Shukla Suneet, Sauna Zuben E, Prasad Rajendra, Ambudkar Suresh V
Laboratory of Cell Biology, Center for Cancer Research, National Cancer Institute, National Institutes of Health, Bethesda, MD 20892-4256, USA.
Biochem Biophys Res Commun. 2004 Sep 17;322(2):520-5. doi: 10.1016/j.bbrc.2004.07.151.
To find novel drugs for effective antifungal therapy in candidiasis, we examined disulfiram, a drug used for the treatment of alcoholism, for its role as a potential modulator of Candida multidrug transporter Cdr1p. We show that disulfiram inhibits the oligomycin-sensitive ATPase activity of Cdr1p and 2.5mM dithiothreitol reverses this inhibition. Disulfiram inhibited the binding of photoaffinity analogs of both ATP ([alpha-(32)P]8-azidoATP; IC(50)=0.76 microM) and drug-substrates ([(3)H]azidopine and [(125)I]iodoarylazidoprazosin; IC(50) approximately 12 microM) to Cdr1p in a concentration-dependent manner, suggesting that it can interact with both ATP and substrate-binding site(s) of Cdr1p. Furthermore, a non-toxic concentration of disulfiram (1 microM) increased the sensitivity of Cdr1p expressing Saccharomyces cerevisiae cells to antifungal agents (fluconazole, miconazole, nystatin, and cycloheximide). Collectively these results demonstrate that disulfiram reverses Cdr1p-mediated drug resistance by interaction with both ATP and substrate-binding sites of the transporter and may be useful for antifungal therapy.

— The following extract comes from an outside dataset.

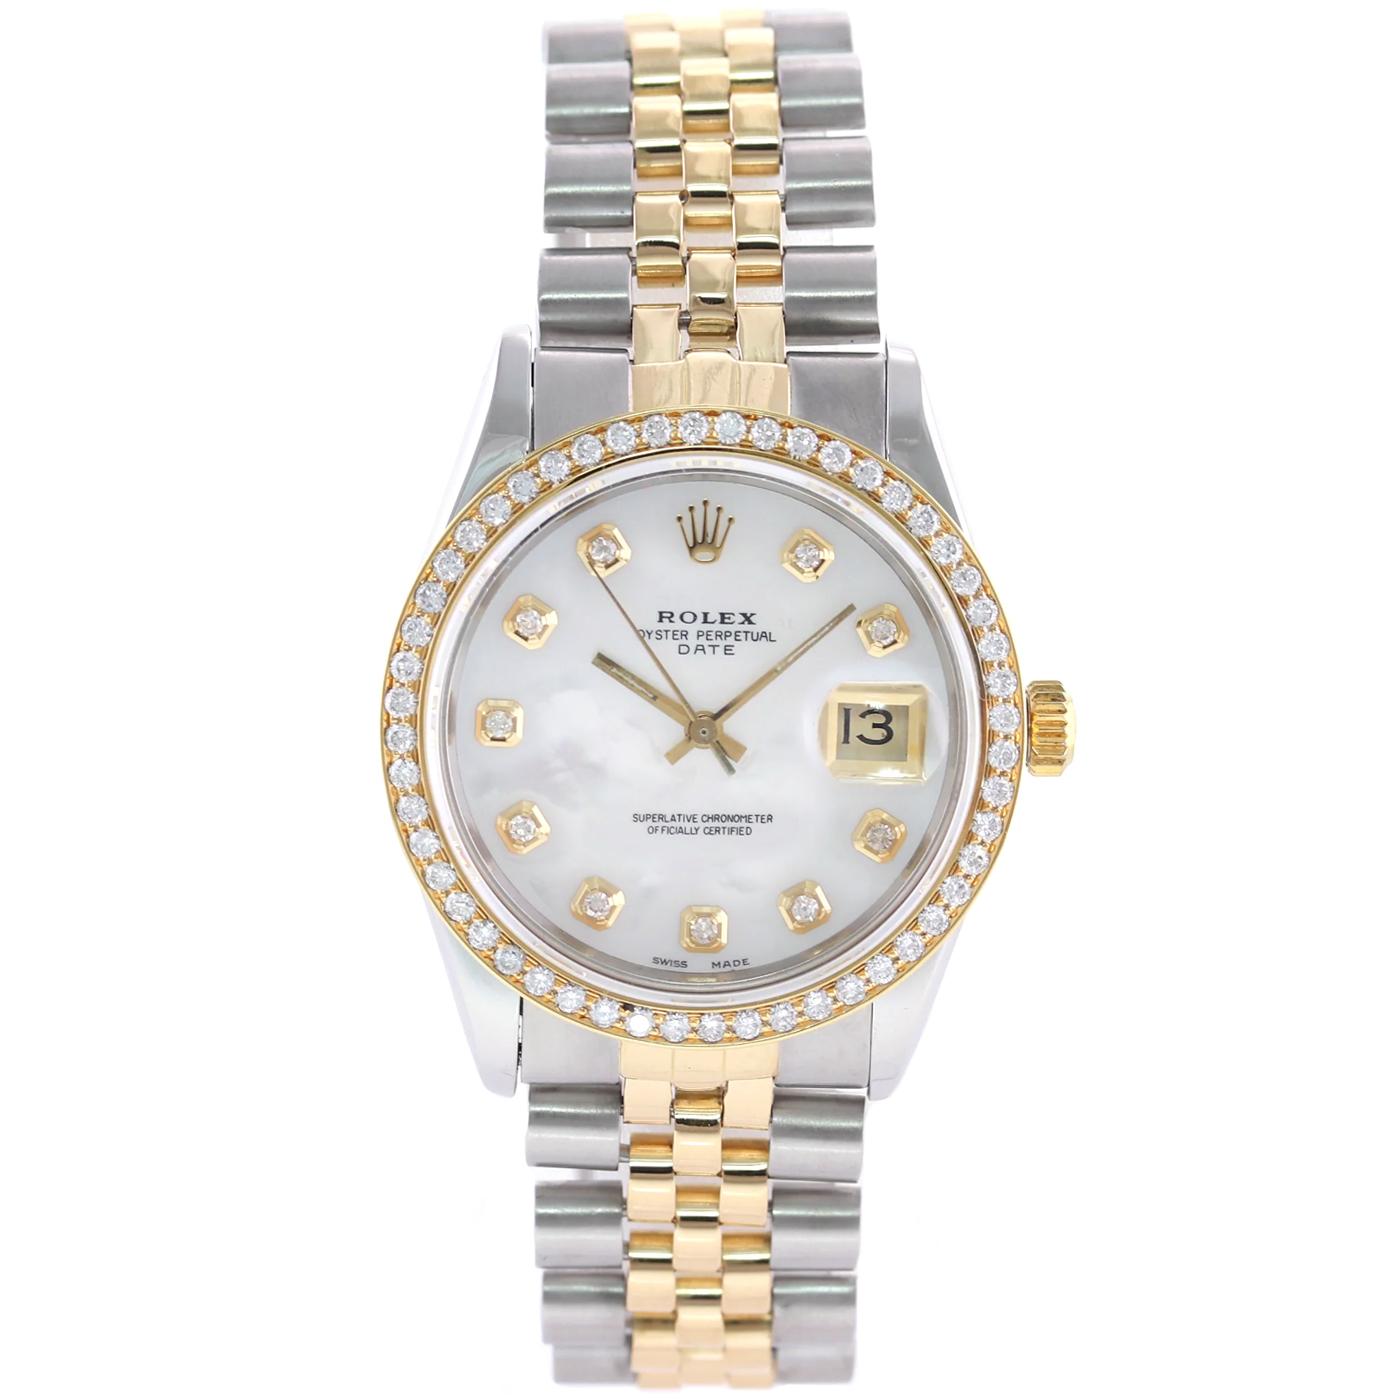 Rolex Oyster Perpetual Date 15053, Case Size/Material: 34mm Stainless Steel/Gold, Aftermarket Natural Diamond Bezel, Aftermarket Mother of Pearls Diamond Hour Markers (Dial), with Automatic Movement, Stainless Steel, and Yellow Gold Oyster Bracelet

为了寻找用于念珠菌病有效抗真菌治疗的新型药物,我们研究了用于治疗酒精中毒的双硫仑作为白色念珠菌多药转运蛋白Cdr1p潜在调节剂的作用。我们发现双硫仑抑制Cdr1p的寡霉素敏感ATP酶活性,2.5mM二硫苏糖醇可逆转这种抑制作用。双硫仑以浓度依赖性方式抑制ATP([α-(32)P]8-叠氮基ATP;IC(50)=0.76 microM)和药物底物([(3)H]叠氮平及[(125)I]碘芳基叠氮哌唑嗪;IC(50)约为12 microM)的光亲和类似物与Cdr1p的结合,这表明它可与Cdr1p的ATP和底物结合位点相互作用。此外,无毒浓度的双硫仑(1 microM)增加了表达Cdr1p的酿酒酵母细胞对抗真菌剂(氟康唑、咪康唑、制霉菌素和环己酰亚胺)的敏感性。这些结果共同表明,双硫仑通过与转运蛋白的ATP和底物结合位点相互作用来逆转Cdr1p介导的耐药性,可能对抗真菌治疗有用。